B-channel absorption ratio (supplementary proxy: ||B̂-I||F / ē²): HB = 3.274, HQ = 0.506. Both absorb signal into the B channel; HQ's absorption is spurious and directed along $v_Q$.
| Claim | Status |
|---|---|
| PE and attribution separability are independent conditions | ✓ defensible |
SRAAgent generates endogenous $\mathrm{DE}_B$ depletion without wrong_strength | ✓ Stage 2a |
| $\hat{v} \approx v_Q$ in 88.8% of HQ episodes (internal misattribution) | ✓ Stage 2b |
| Adaptive AUC drop 0.762→0.553 under policy-matched replay | ✓ Stage 2c |
| AUC varies directionally: $v_B > v_Q$ in replay table | ✓ Stage 2d |
| $D_\text{ext} \neq \mathrm{AC}$: external distinguishability ≠ internal attribution | ✓ empirically supported |
| Residual AUC collapse inside same adaptive loop (Stage 2e) | open stronger claim |
| SRA is a new theory distinct from ABHT | not yet — failure-mode benchmark |
| General causal ID under Spec-3 (hidden confounder) | not reached |
| High-PE accelerates collapse (High-PE Paradox) | retracted |
Active Bayesian Hypothesis Testing (ABHT) selects actions to maximize the distinguishability $D(P(r \mid H_B,\pi) \| P(r \mid H_Q,\pi))$. It addresses: which actions increase identifiability?
SRA/MOAT addresses: how does wrong structural attribution make an agent avoid the identifiability-increasing direction? The two are complementary. ABHT prescribes the optimal policy; SRA/MOAT characterizes the failure mode when the agent does not hold the correct structural hypothesis.
A targeted question for the baseline experiments: can an ABHT-style agent avoid internal structural misattribution when apparent residual separability is policy-geometry dependent and attribution angle degrades toward $v_Q$?
SRAAgent is a constructive minimal counterexample. The policy-concentration rule is designed to exhibit the failure. The claim is that this failure mode can occur endogenously; not that it occurs in all adaptive agents or under all update rules.
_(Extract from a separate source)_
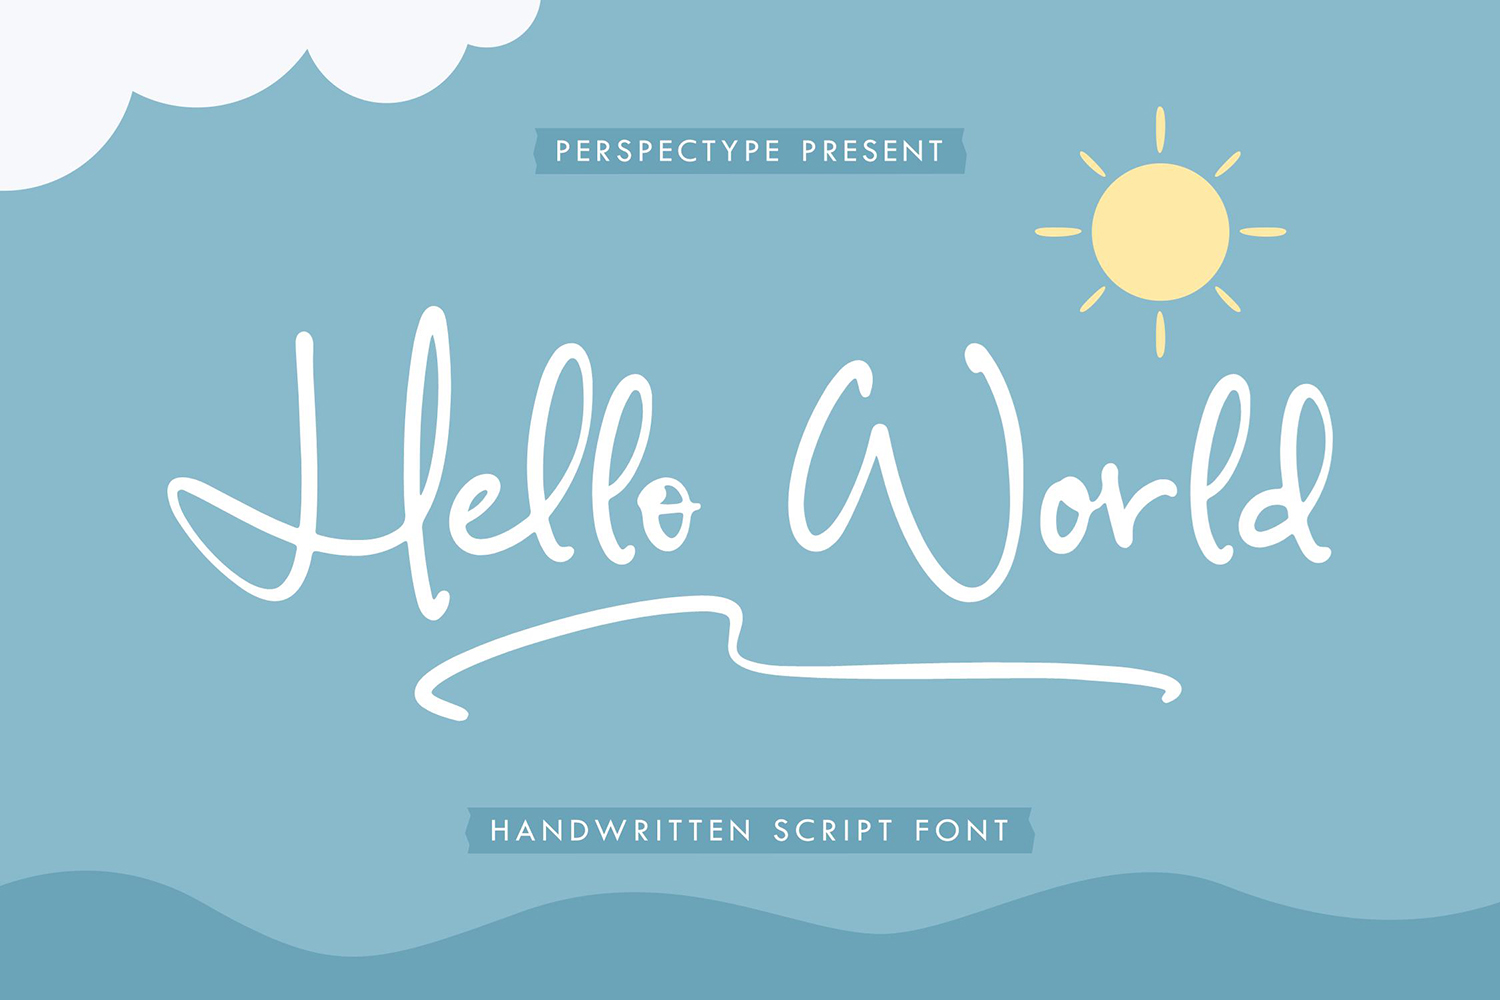 Hello World Free Font

Action-only AUC = 0.550 is near the leakage threshold. Multi-seed confidence intervals are required before ruling out residual policy-signature leakage. Reported as near-chance; not as zero.
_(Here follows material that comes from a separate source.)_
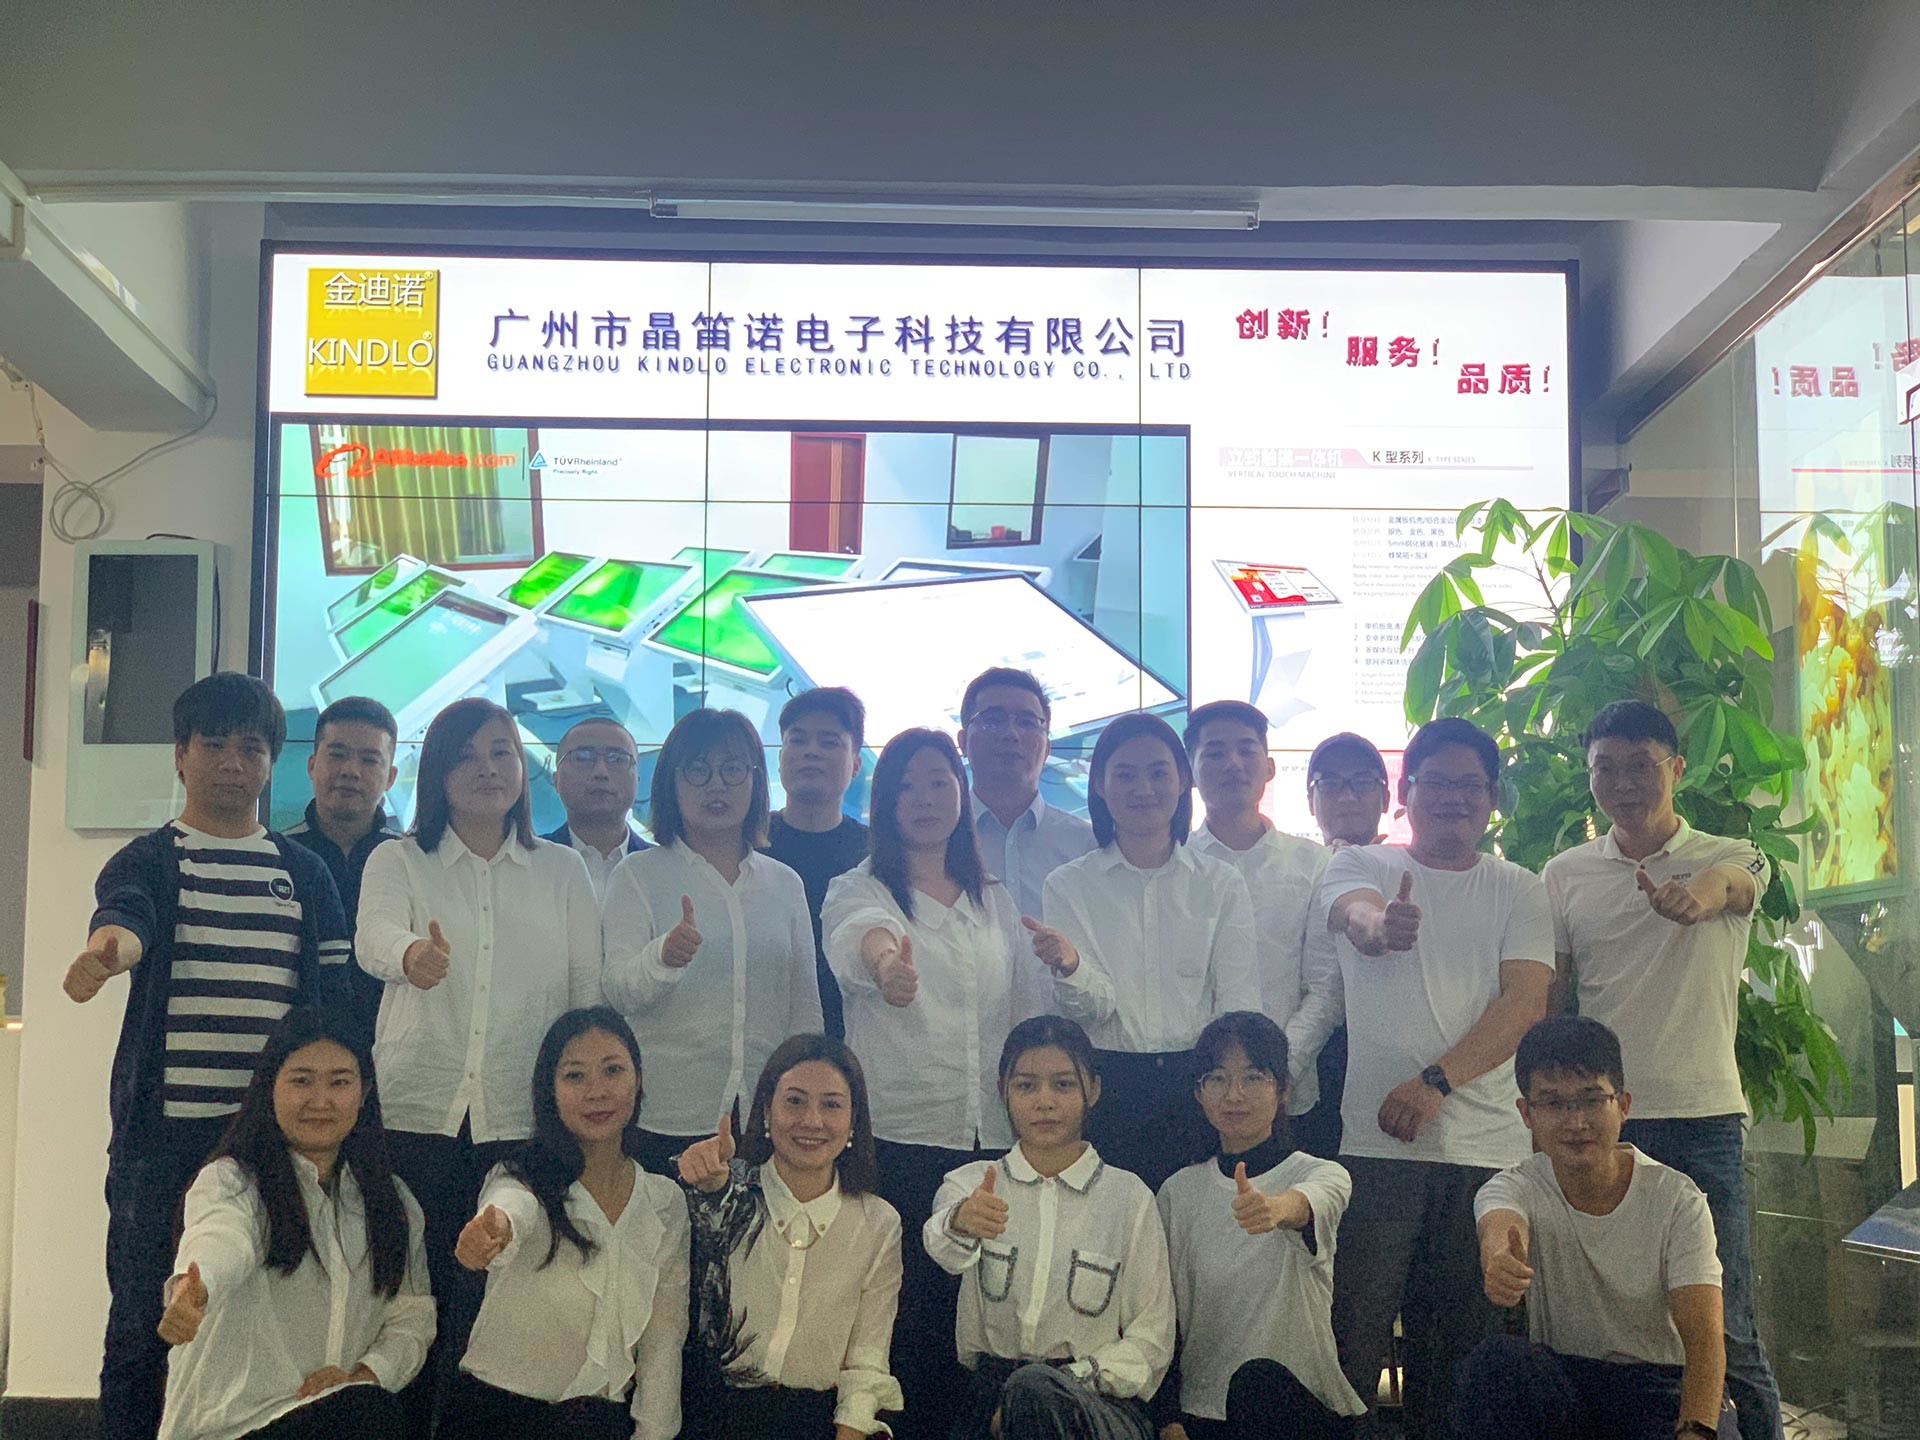 China Guangzhou Jingdinuo Electronic Technology Co., Ltd.

Contamination Jacobian lacks constructive proof. The conditions $\rho(J(\delta_t)) > 1$ for the linearized contamination system have not been numerically demonstrated in the 2D counterexample. This remains an analytic sketch.
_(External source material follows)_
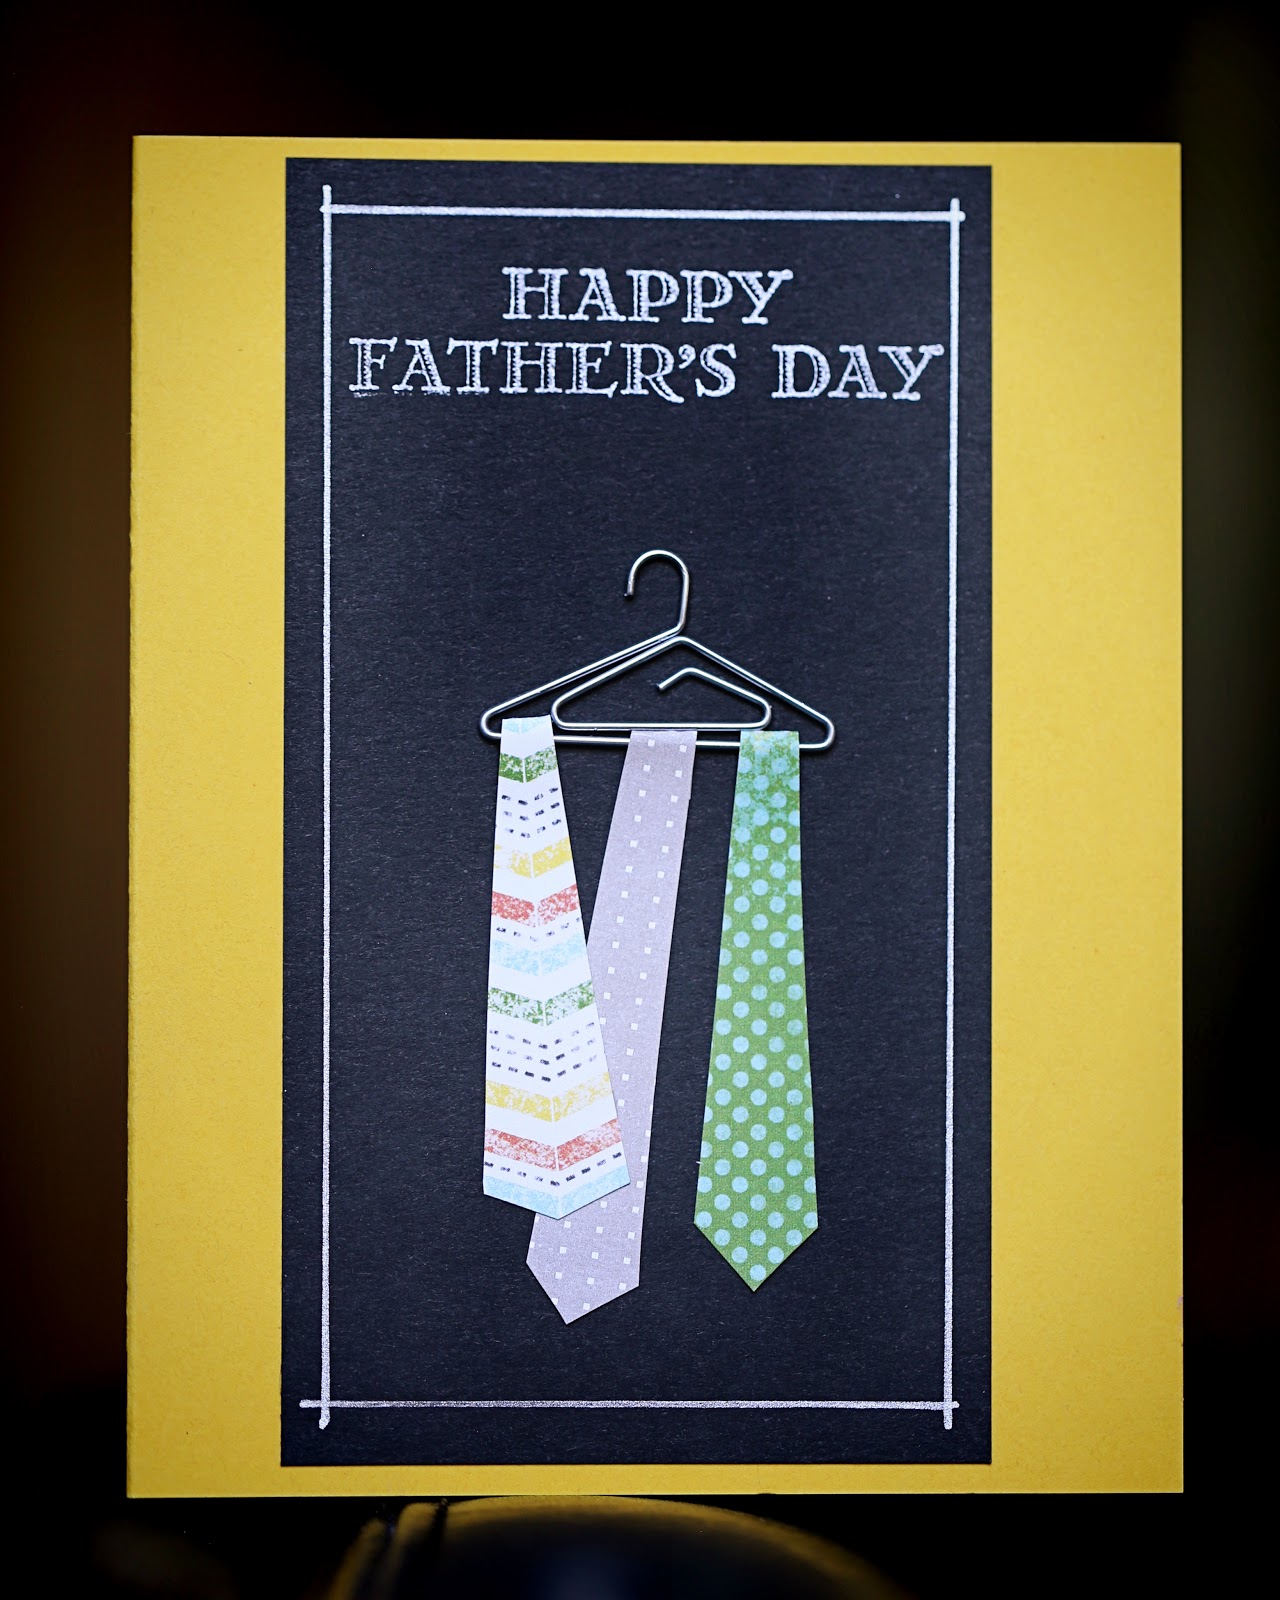 Hokiecoyote Blog: Happy Father's Day!

Spec-3 violation (Hidden Confounder) breaks SRA. When a hidden confounder $c_t$ satisfies $\mathbb{E}[e_t u_t^\top \mid c_t] \neq 0$, $\hat{B}$ updates even when $B_\text{true}$ is constant. SRA is a causal attribution proxy only under Spec-1 to 5. Phase 5 of MOAT v5g tests this limit explicitly.
Stage 2e is open. Residual AUC collapse inside the same adaptive loop has not been demonstrated. Replay AUC = 0.553 is near the 0.60 threshold but does not constitute confirmation.
The experimental chain Stage 1–2d establishes five results:
The central contribution is the empirical demonstration that external classifier distinguishability and agent-internal attribution correctness are independent. Standard adaptive system evaluation uses external performance metrics to infer internal attribution quality; the SRAAgent result shows this inference fails when policies are adapted under structural misattribution.
SRA/MOAT is positioned not as a theory of external indistinguishability but as a benchmark for the dissociation between external evidence quality and internal attribution fidelity — a dissociation that ABHT and classical closed-loop identification do not directly target, and whose boundary MOAT v5g is designed to map.
Stage 2e (residual AUC collapse inside the adaptive loop) remains open. If Stage 2e succeeds, the full recursive poisoning claim is established. If Stage 2e fails, the negative result confirms ABHT-family policies cover this geometry — a valuable benchmark finding either way.